To enroll in any Medicare Advantage plan option, you must have both Medicare Part A and Medicare Part B. Once you enroll in a Medicare Advantage plan, you will not use your Original Medicare (red, white and blue) card as your Medicare Advantage plan will replace Original Medicare. Instead, the Medicare Advantage plan will provide you with a member ID card to use when visiting your medical provider. Please note, you will continue to pay the Medicare Part B premium, and you might also have to pay an additional monthly premium charged by the Medicare Advantage plan.

It is important to remember to check with your healthcare providers before making any change to your Medicare coverage to make sure they will accept the Medicare Advantage plan you are considering.

When do I use my Medicare card?

Everyone who enrolls in Medicare receives a red, white, and blue Medicare card. This card lists your name and the dates that your Original Medicare hospital insurance (Part A) and medical insurance (Part B) began. It will also show your Medicare number, which serves as an identification number in the Medicare system. (If you get Medicare through the Railroad Retirement Board, your card will say Railroad Retirement Board at the bottom.) However, if you enroll in a Medicare Advantage Plan you will automatically be dis-enrolled from Original Medicare and you will NOT be able to use your Medicare card. This means you are no longer enrolled in the federal government-run Medicare program. This also means you must follow the rules of the Medicare Advantage Plan you have joined. 

Does Medicare cover the costs of diabetic supplies?
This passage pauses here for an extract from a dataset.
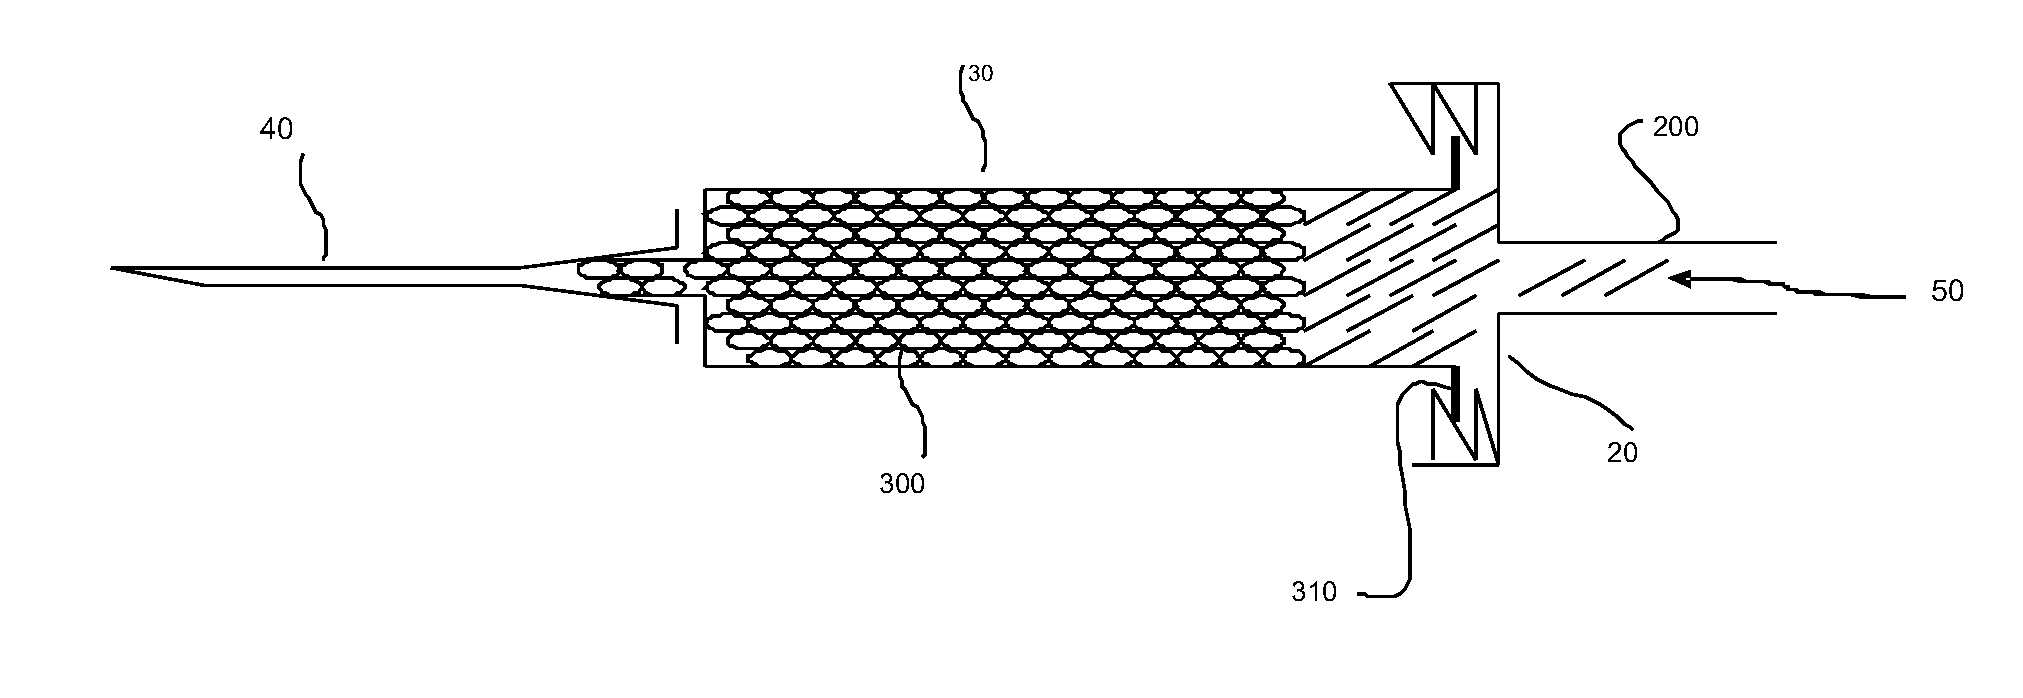 Adapter device for application of small amounts of fat graft material by use of syringes
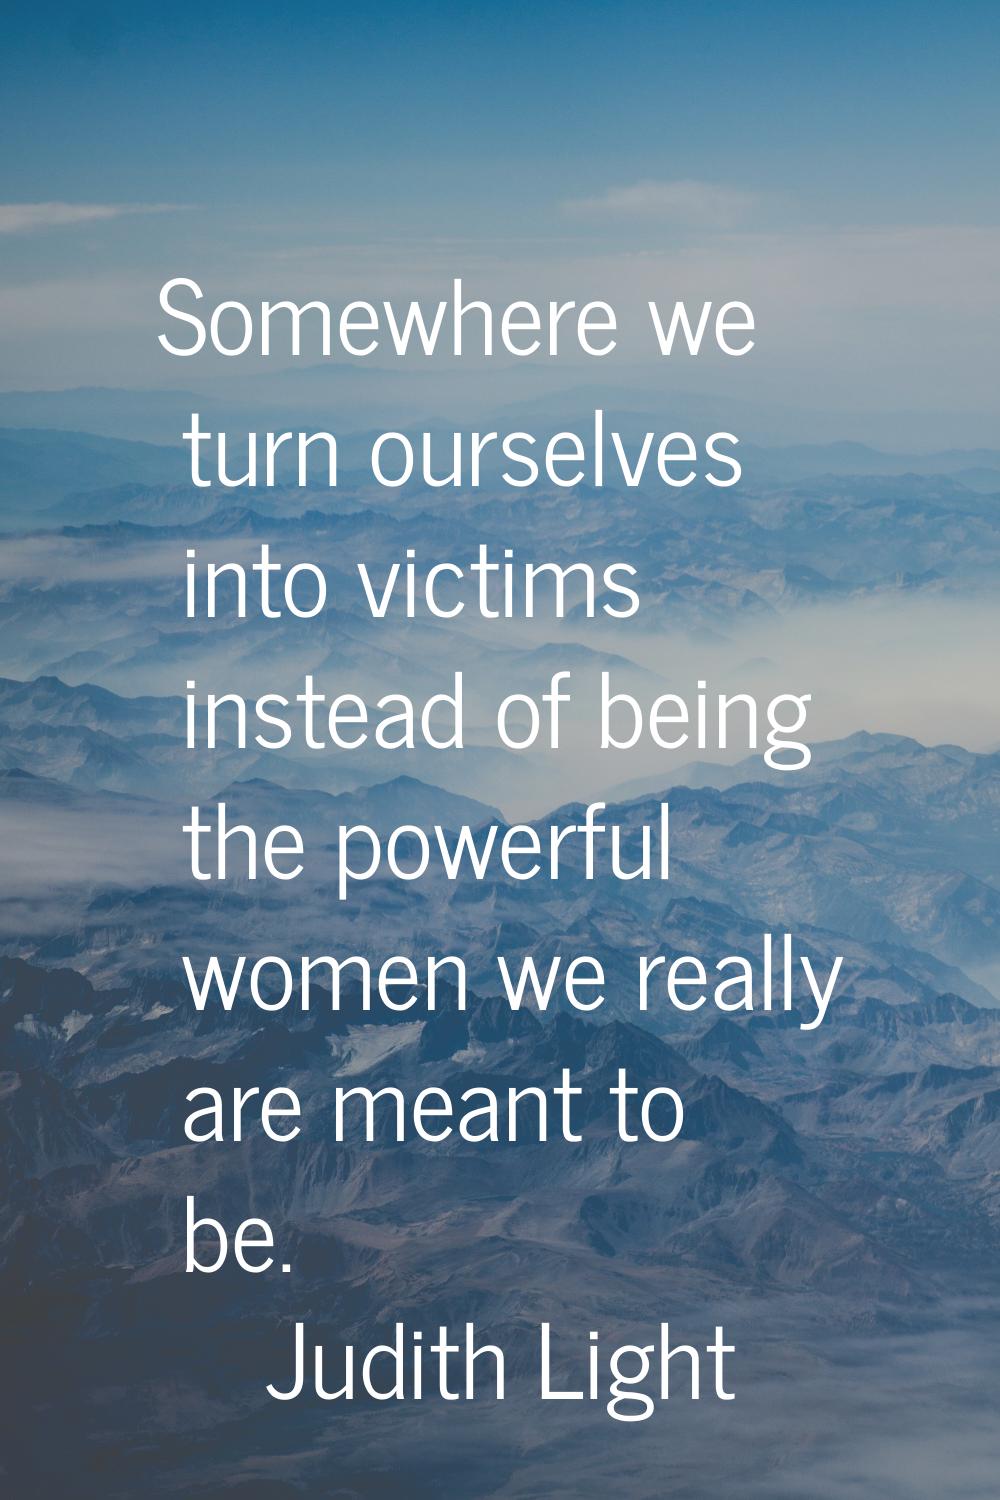 Somewhere we turn ourselves into victims instead of being the powerful women we really are meant to

Medicare does cover certain supplies if you have diabetes. Part B covered supplies include blood sugar self-testing equipment and supplies, insulin pumps, and therapeutic shoes or inserts. To get Medicare drug coverage, you must join a Medicare prescription drug plan. These plans typically cover insulin, anti-diabetic drugs, and certain diabetes supplies such as syringes and needles.

Does Medicare cover the costs of durable medical equipment?

Medicare does cover durable medical equipment, which is equipment that serves a medical purpose, is able to withstand repeated use, and is appropriate for use in the home. Original Medicare normally pays 80% of the Medicare-approved amount after you meet your Part B deductible and you are responsible for a 20% coinsurance. Medicare only covers durable medical equipment if your provider says it is medically necessary for use in the home. You must also order the equipment from suppliers who contract with Original Medicare or your Medicare Advantage Plan. If you have a Medicare Advantage Plan, your plan will have its own cost and coverage rules for durable medical equipment.

Do you have Employer Group or Military Retiree Coverage?

If you or your spouse has an Employer Group Health Plan (EGHP) as retiree health coverage from an employer or the military (TRICARE for Life), you may not need additional insurance. Review the EGHP’s costs and benefits and contact your employer benefits representative to learn how your coverage works with Medicare.